Did you try to allocate the sparse matrix with a matching number of non-zero elements? Are you sure that the low speed of the loop is a problem of the sparse array? Perhaps there are other reasons. Perhaps somebody has a suggestion for improvements, when you post the relevant part of the code.
  10 Comments
Louis Wyss
Louis Wyss on 12 Jan 2017
Edited: Walter Roberson on 12 Jan 2017
Your recommedations made my program very faster, thanks again for your help. May I ask a second question about invert a matrix?
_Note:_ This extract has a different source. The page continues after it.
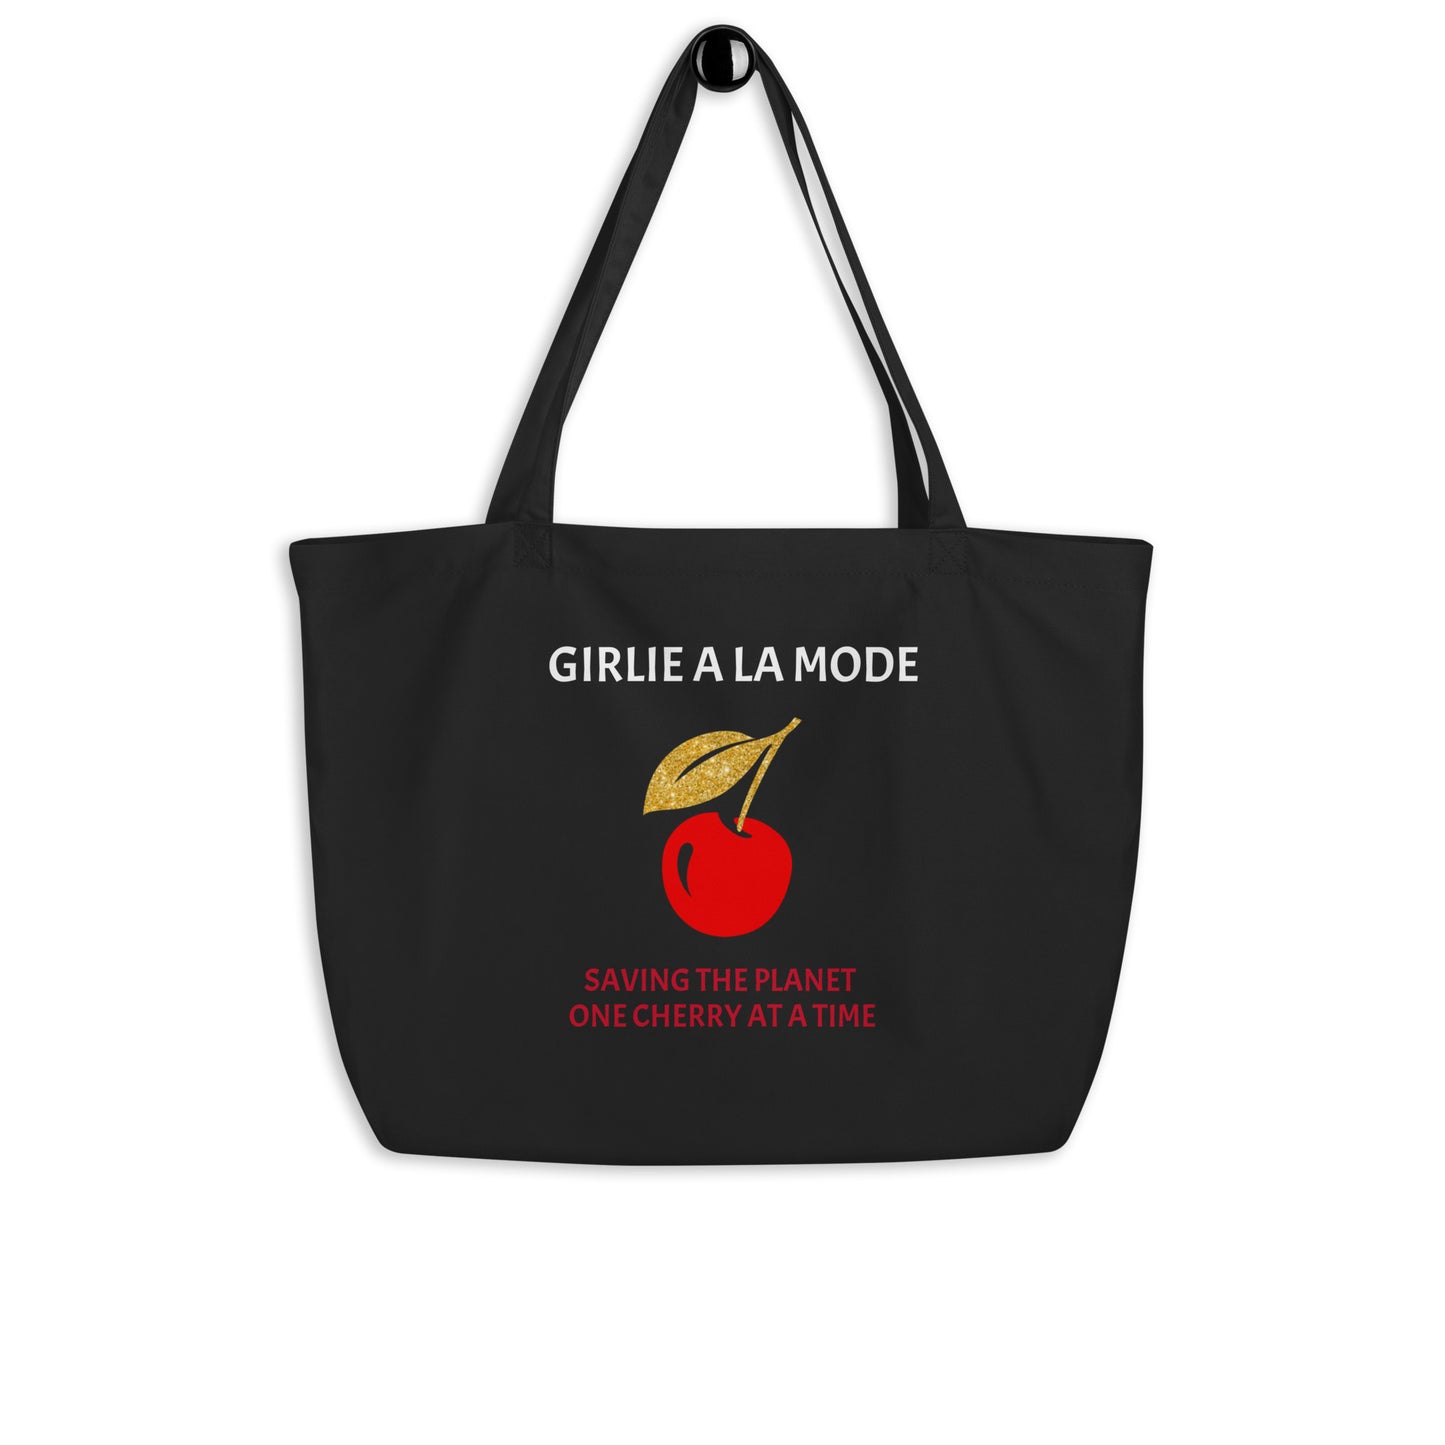 Large Organic Cherry Tote Bag

I need to invert the yT2 matrix and I use the tikonov regularization. pinv() is not possible because the reconstruction is very bad when I use pinv(). I tried like in yT2 to split up the calculations but I want to ask you if you know a more efficient way
lambda = 250;
tikhonovMatrix = lambda*speye(numTrans*numWinkel, numPixZ*numPixX);
tikhonovMatrixTrans = tikhonovMatrix';
tikhonovMatrixProd = tikhonovMatrixTrans*tikhonovMatrix;
yT2Trans = yT2';
yT2Prod = yT2Trans*yT2;
pseudoInverse_yT2 = yT2Prod + tikhonovMatrixProd;
bildVektor = reshape(newsinogram,[],1);
recBildVektor = yT2Trans*bildVektor;
recBildVektor2 = pseudoInverse_yT2\recBildVektor;
Jan
Jan on 15 Jan 2017
Please open a new thread for a new question.